Ah, I’m craving an apple with nut butter now. Fuji apples are my favorite, too. I’ve become a pro when picking them out, and can always tell when it’s a good batch. I have a bag of them sitting in my fridge right now! I haven’t been eating them with nut butter because I’ve been trying to adhere to the food combining rule of only eating fruit on an empty stomach. Obviously you don’t abide by this, and I always appreciate your knowledge, so how do you feel about it? It’s a tough one for me, because I love an apple with nut butter! Your flax flatbread looks like an awesome vehicle for that combo. (Once again, I wish I owned a dehydrator.)
You mean, what are my thoughts on food combining? Well, I was a huge proponent of it when my blog started–in part because I’m very susceptible to being dazzled by rules. There is no science to support the majority of food combining claims; while it’s true that we use different enzymes to digest proteins vs. carbs vs. fats, the idea that we need to eat these foods separately is not true. Our bodies are designed to digest all of these foods at once, our digestive enzymes working in harmony as a ball of chyme (masticated food that’s been churn up in our stomachs) moves from our stomachs into the upper small intestine. “Light” foods do not “wait” and ferment behind heavier ones; everything gets churned up together, moves together, and is then broken down and assimilated as needed by our bodies. We’re perfectly capable of producing amylases and proteases as needed, in response to different macronutrients, regardless of whether we eat them at the same time or three hours apart. Fruit may feel “light” to us because it’s so rich in water, but it’s totally fine to eat it along with other foods. There may even be some benefits to doing this; the Vitamin C in an orange, for example, can help to make the iron in lentils and sautéed spinach more bioavailable.

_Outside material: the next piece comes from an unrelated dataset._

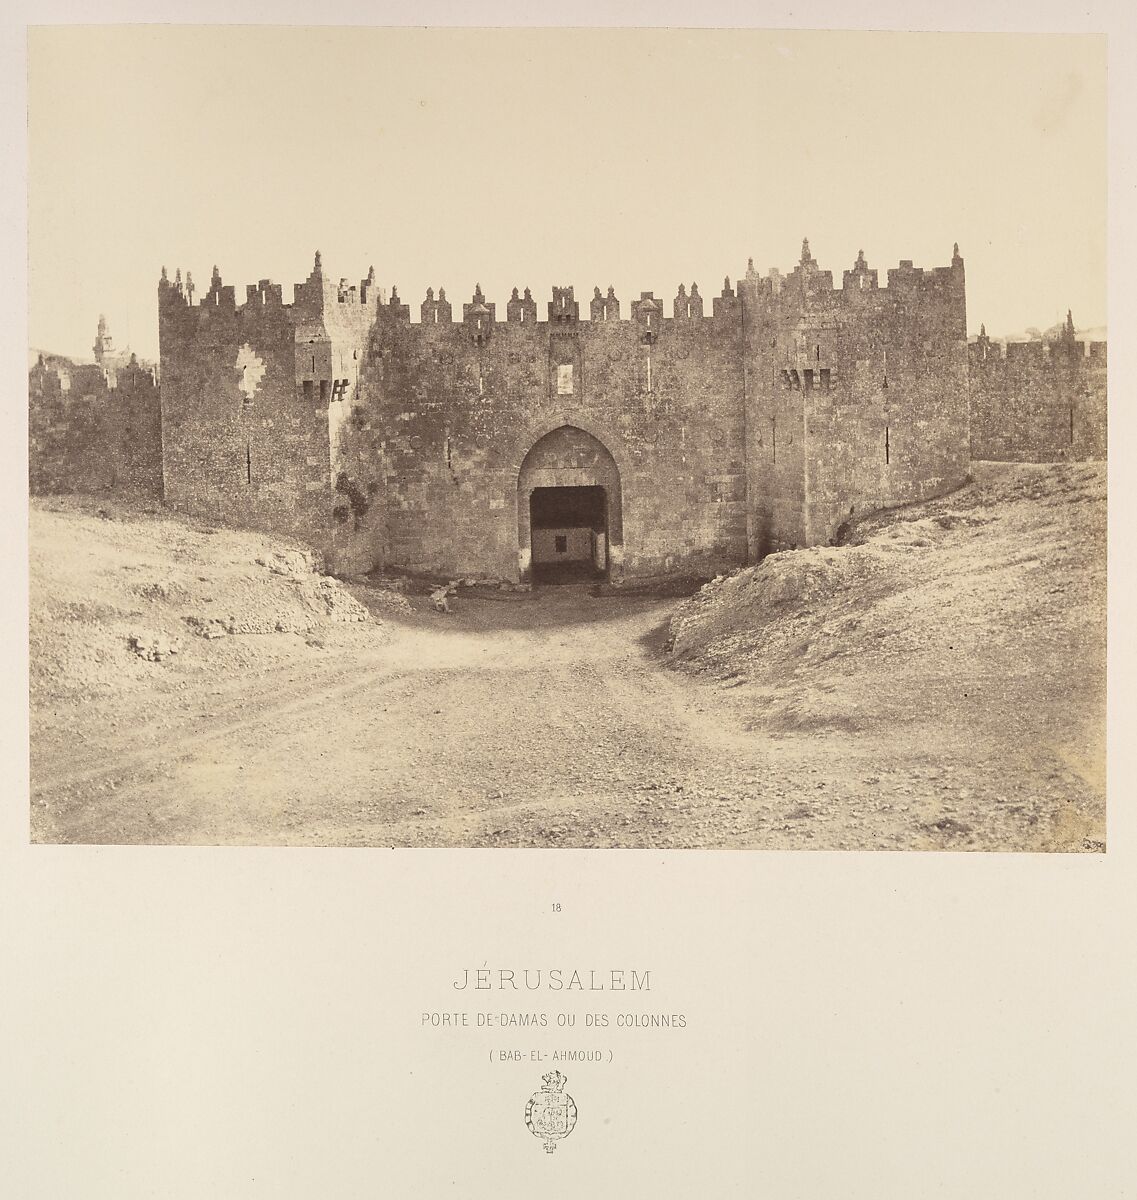 Jérusalem. Porte de Damas ou des colonnes (Bab-el-Ahmoud), Louis de Clercq (French, 1837–1901), Albumen silver print from paper negative

I learned a few useful things about how different foods affect me through food combining, but in truth my flirtation with it was mostly a convenient excuse for me to limit and restrict what I was eating. It prevented me from enjoying a lot of my favorite combinations of food (like apples and nut butter!) and probably limited the nutrient balance of my meals on the whole, since I wasn’t “allowed” to eat proteins with carbs, etc. If it helps you to eat simply overall, that’s great, but most information out there about food combining is pseudoscientific, and disregards the incredible efficiency and marvelous complexity of the human digestive system 🙂
I hope this helps, Jenni, and that you enjoy your beloved combo of apples and nut butters soon!

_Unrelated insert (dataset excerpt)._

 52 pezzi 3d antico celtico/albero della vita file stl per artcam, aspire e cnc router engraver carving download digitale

this is a great and thoughtful response, and it really hits home for me. thanks!
I’m so glad, Keri. Hope it helps!
I once read an interview with Dr Deepak Chopra and he said that “food combining is a gimmick”. So true, and as you say there is no science to back it up, but yet so many ‘health gurus’ are still claiming it’s benefits. What people are experiencing when they food combine is actually food restriction, they feel better and believe its the result of combining. Having said that a lot of people especially over 40yrs have low HCL and enzymes and these are worth supplementing to aid digestion. So glad you are stamping out the myths perpetuated by pop nutrition proponents. Food combining is so 1980’s!!